Abstract
Introduction
A cell responds to environmental and physiological changes through reorganization of genomic expression. This kind of regulation is realized by transcriptional regulatory networks (TRNs), which are mainly controlled by transcription factors (TFs). Therefore, identifying the sophisticated architecture of TRNs would reveal the fundamental aspects of the mechanisms involved in the maintenance of life and adaptation to new environments.1–5
The first step toward reconstructing TRNs is to identify the target genes of known TFs.6–10 Genome-wide transcription factor binding analysis, also called ChlP-chip analysis, was developed to fulfill this goal.11,12 ChIP-chip analysis can be used to identify physical interactions between TFs and the promoter regions which they bind to.

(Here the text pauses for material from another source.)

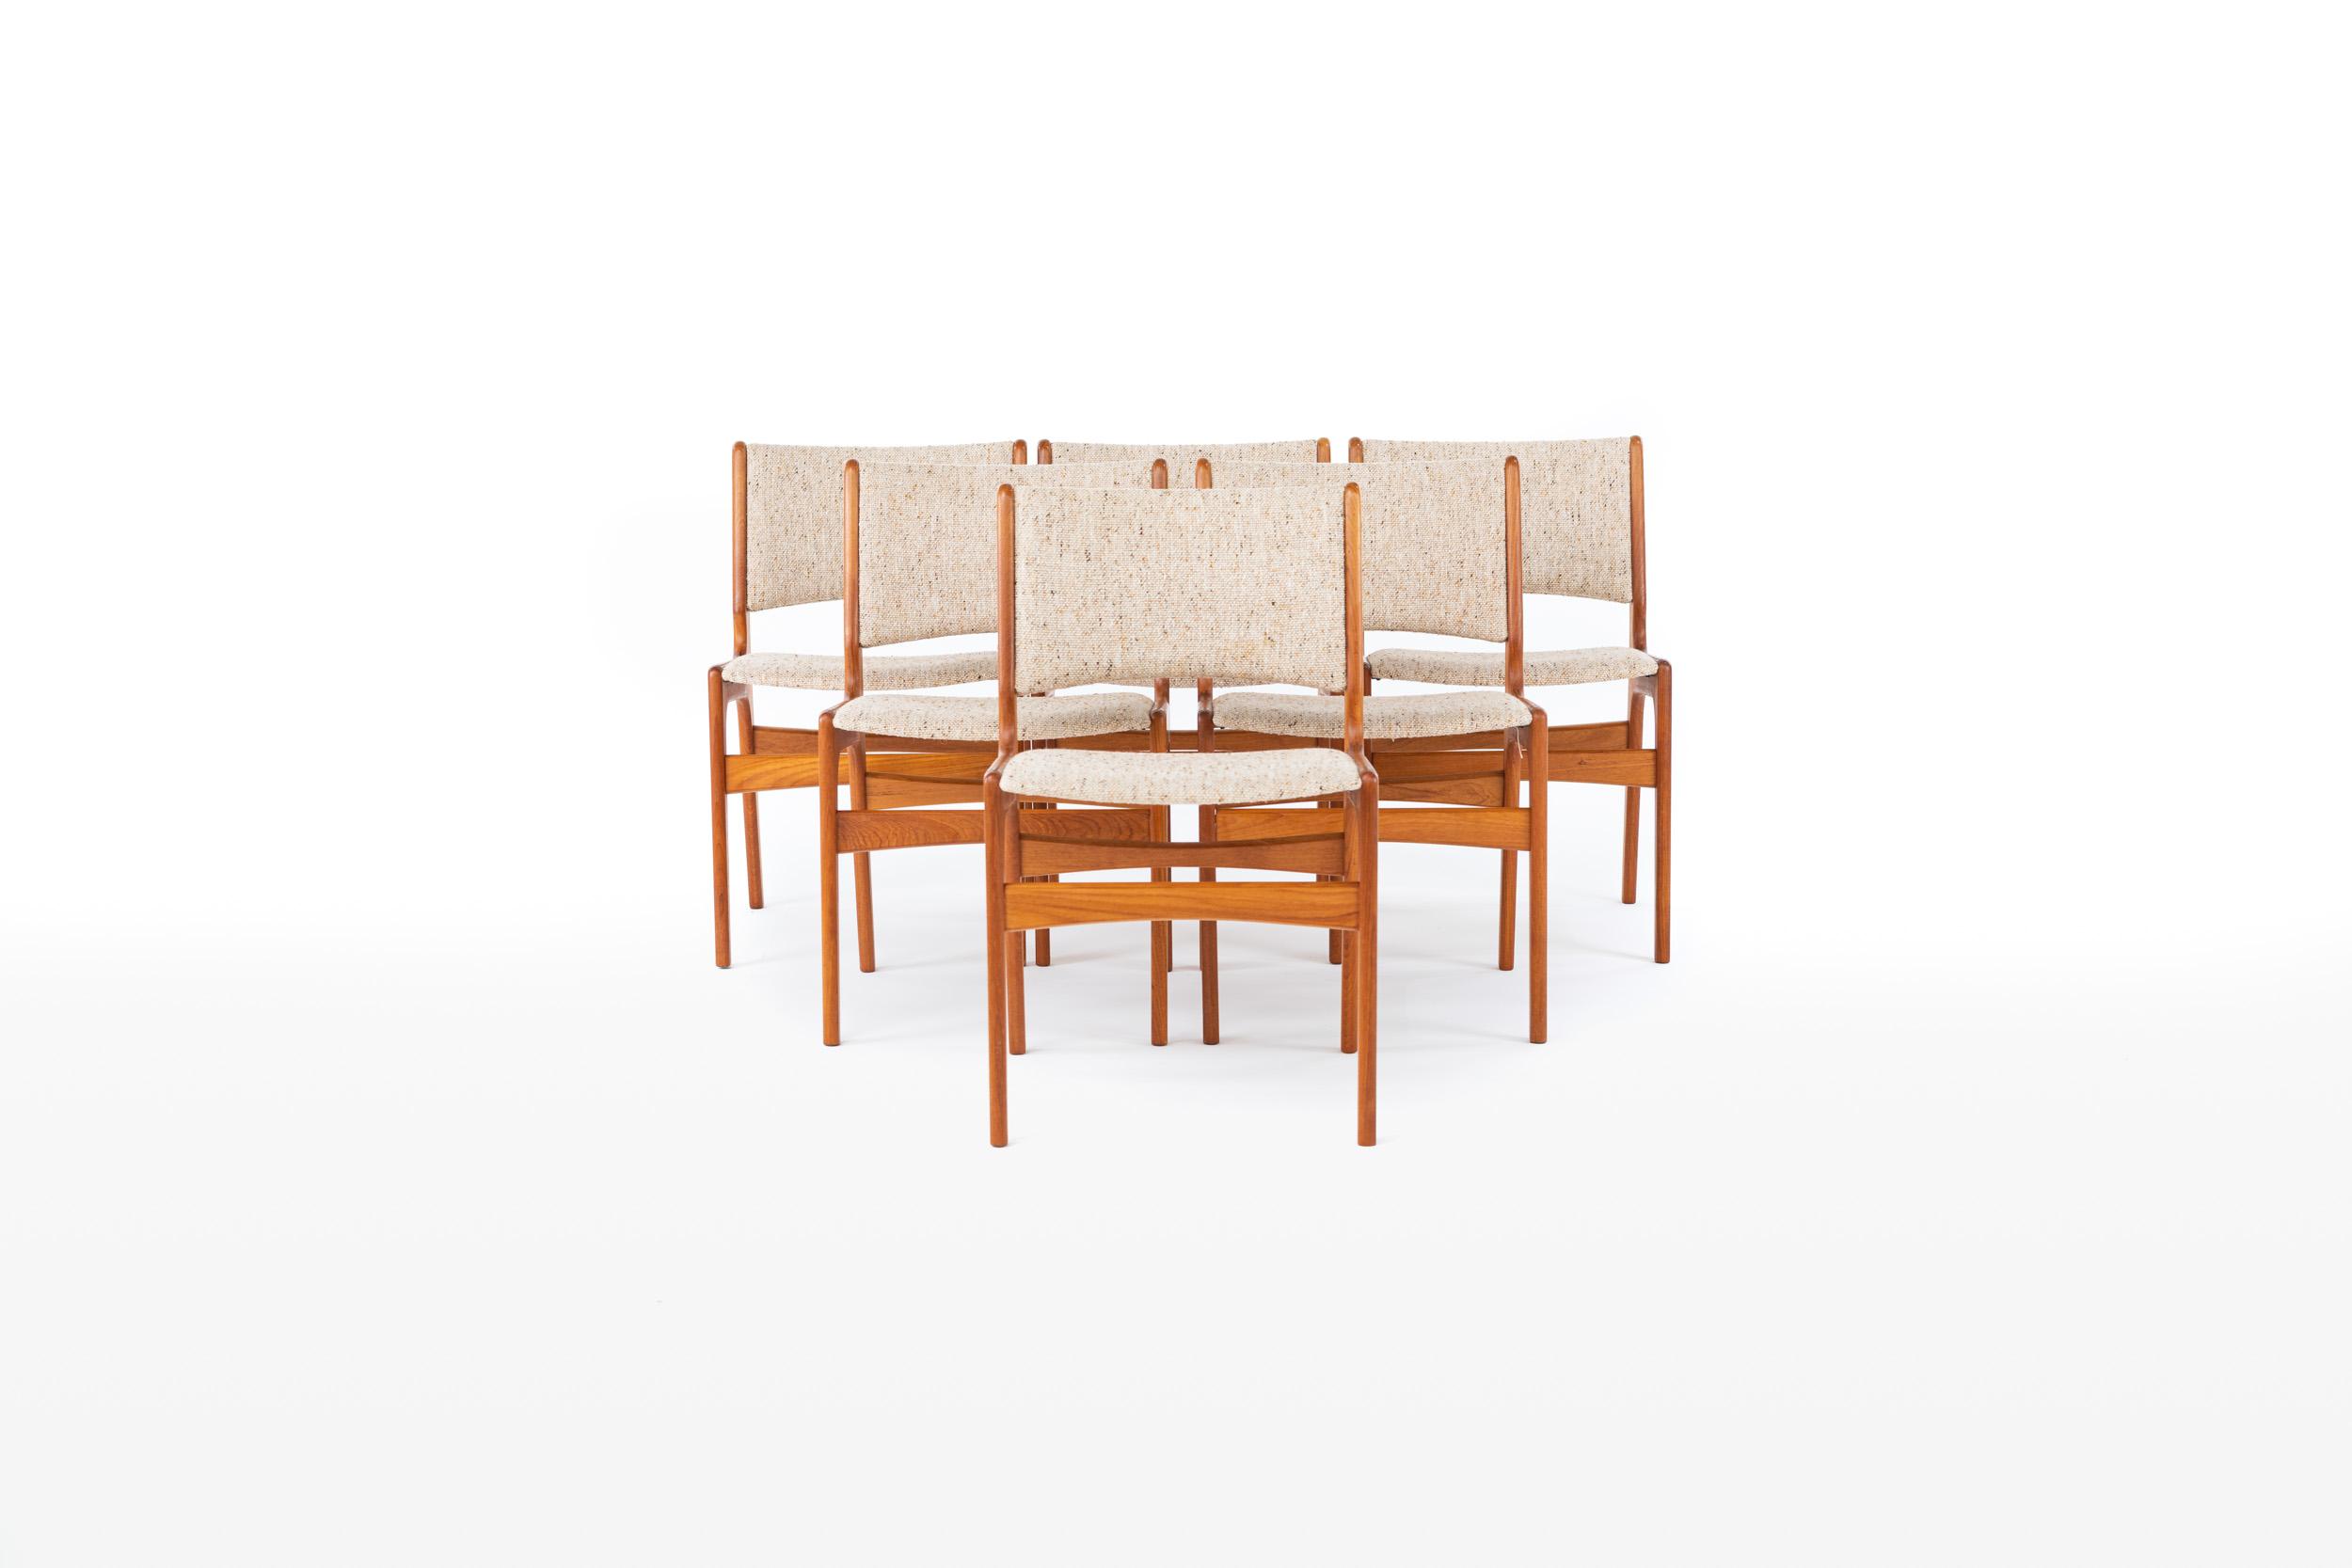 Productfotografie Danisch chairs

Simon et al 13 performed ChIP-chip experiments to find out the binding targets of nine major cell cycle TFs. Lee et al 14 performed ChIP-chip experiments to investigate how the yeast 106 TFs bind to promoter sequences across genome. Harbison et al 15 conducted genome-wide transcription factor binding assays for 203 TFs in yeast to construct an initial map of the yeast's transcriptional regulatory code. All these three studies are experiment-based approaches. They provided direct evidence of TF-promoter binding relationships. However, TF-promoter binding relationships are not equal to TF-gene regulatory relationships. A TF may bind to the promoter of a gene but has no regulatory effect on that gene's expression. Hence, additional information is required to solve this ambiguity inherent in ChIP-chip data.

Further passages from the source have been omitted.